Car servicing: 7 habits that are killing your car

Car service guide: 7 Driving habits that are killing your car

When it comes to reliability and longevity there is more to car ownership than regular servicing and maintenance. The way you drive your car and the habits you have developed can have a big impact on how long your car lasts on the road. In today's blog we will look at a few common problem areas and how to fix them.

Aggressive acceleration and braking

Aggressive starts and abrupt gear shifts not only compromise fuel efficiency but also put extra stress on your engine and drive train components which will cause them to fail prematurely. What you should be doing is aiming for a smooth, gradual increase in speed with well placed gear changes at around 2000rpm. This more relaxed driving style will be rewarded with better fuel efficiency and a longer lasting drive train from engine to gearbox. This of course means you spend less money of vehicle repairs too.

Similarly to aggressive acceleration, aggressive braking will put unnecessary stress on your braking system and connected components. Instead of braking hard at the last second in an effort to grind your brake pads to the metal, consider braking earlier and gradually coming to a stop to decrease wear and tear on your braking system.

Unnecessary braking

We've all been behind someone who's guilty of this. Constantly hitting the brakes as they nervously make their way around a corner. Brake light on, brake light off, repeat. While this cautious approach may feel safer behind the wheel it is in fact putting extra load onto your braking system and wearing your discs and pads out unnecessarily.

Try to take corners in one smooth motion, getting the speed right before entry and gliding through without dabbing the brakes and unsettling the car. This is much better for your cars braking system and fuel economy in the long run.

Excessive idling

Letting your car idle for extended periods may seem harmless, but it can take a toll on your engine. Excessive idling contributes to increased fuel consumption, engine wear, and environmental pollution. Learn how to minimise idle time, turn off your engine during prolonged stops, and reap the benefits of a healthier car and a cleaner environment. 

A common misconception is that cars need to warm up before being driven.  While it is true that you shouldn't abuse your vehicle when its cold, you're perfectly ok to warm the vehicles engine up by driving carefully until it is up to temperature. 

Hitting pot holes or speed bumps

This one should be fairly obvious but we regularly see vehicles in our car service and repair centre that have fallen victim to a nasty bump from the roads. We understand some pot holes can be hard to spot but being a little more observant could save you an expensive repair bill.

Our roads seem to have gotten progressively worse in recent years with nasty pot holes being more common than ever. These can cause serious damage to your wheels and suspension components if not avoided. Remember that in cases where potholes, speed bumps and high kerbs are an unavoidable obstacle your car will thank you for moving slowly across them. 

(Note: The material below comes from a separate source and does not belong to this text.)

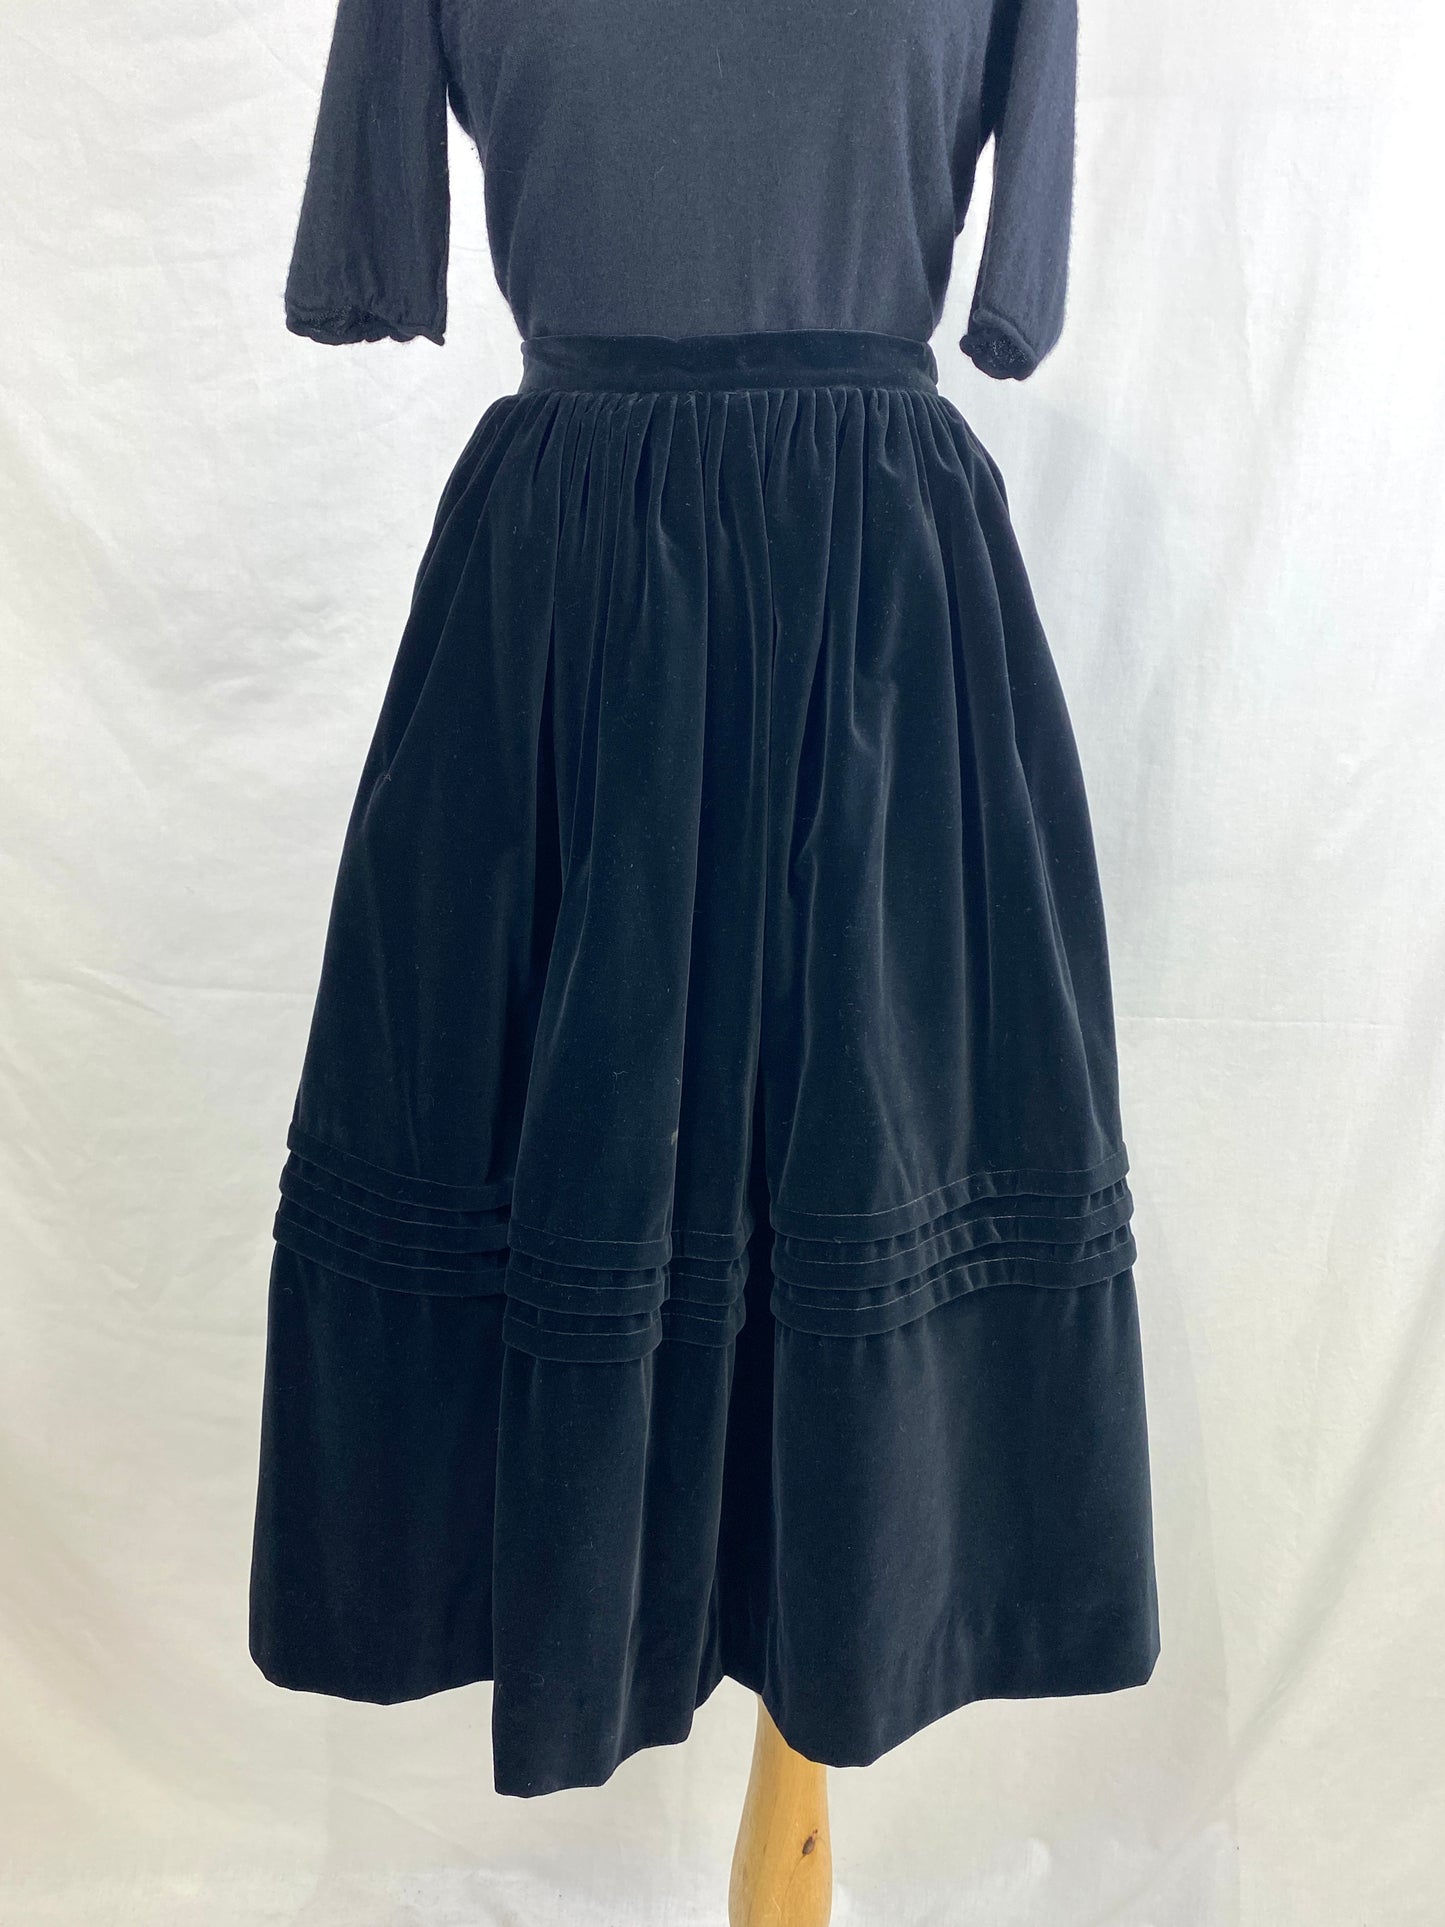 Vintage 1950s Black Velour Full Skirt, Medium

Resting your hand on the gear stick

Aside from meaning that you have less control of the vehicle, continuous pressure on the gear stick can contribute to premature wear and tear of the transmission components. The gear linkage and synchromesh system are designed to operate smoothly when pressure is applied intentionally during gear changes, not to withstand constant pressure.  Make a habit of resting your hands on the steering wheel while driving to prevent this from happening and have better control of your vehicle.

Riding the clutch

This is a term used to describe people keeping their foot on the clutch pedal after they have changed gears or for a prolonged period of time like waiting at traffic lights or on a hill. Riding the clutch is terrible for your car and will make sure that your clutch wears out prematurely due to the increased stress it endures. It is worth noting that a clutch is generally considered a wear and tear item which means its not covered by most warranties.

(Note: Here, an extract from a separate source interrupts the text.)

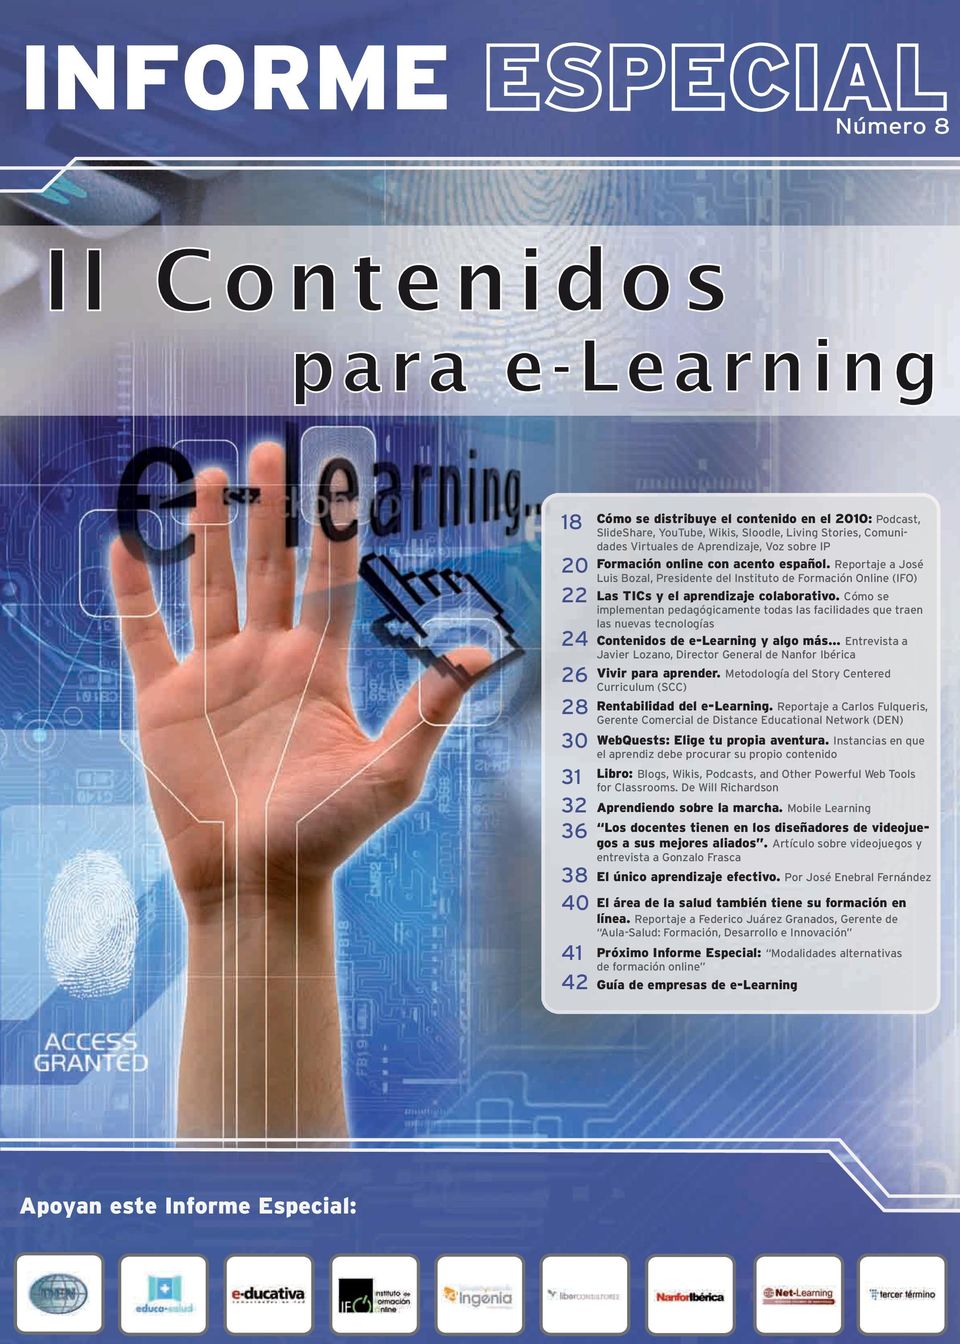 Reportaje a José Luis Bozal, Presidente del Instituto de Formación Online (IFO) Las TICs y el aprendizaje colaborativo.

The best way to remedy this is to make sure that you use the hand brake and take your foot off of the clutch pedal whilst stationary. When driving you should use the foot rest (if you have one) as much as possible only putting your foot on the clutch when it's time to change gears.

Running your car on low fuel

With the rise in fuel prices over the last year or so more and more people are running their cars on a low tank for a long period of time. This is bad for your car because the debris that collect at the bottom of your tank are more likely to get sucked through the fuel system and cause damage to the pump and other components. 

Many fuel pumps are also designed to be cooled by the fuel they are submerged in and constantly running on a low tank means that your pump is more likely to deteriorate faster.  The best way to fix this problem is by treating a ΒΌ full tank as an empty one and using that as your cue to refill at your local fuel station.

We hope this list has given you some thing to think about when you're next behind the wheel and that you can save your car from any unnecessary repairs through bad habits!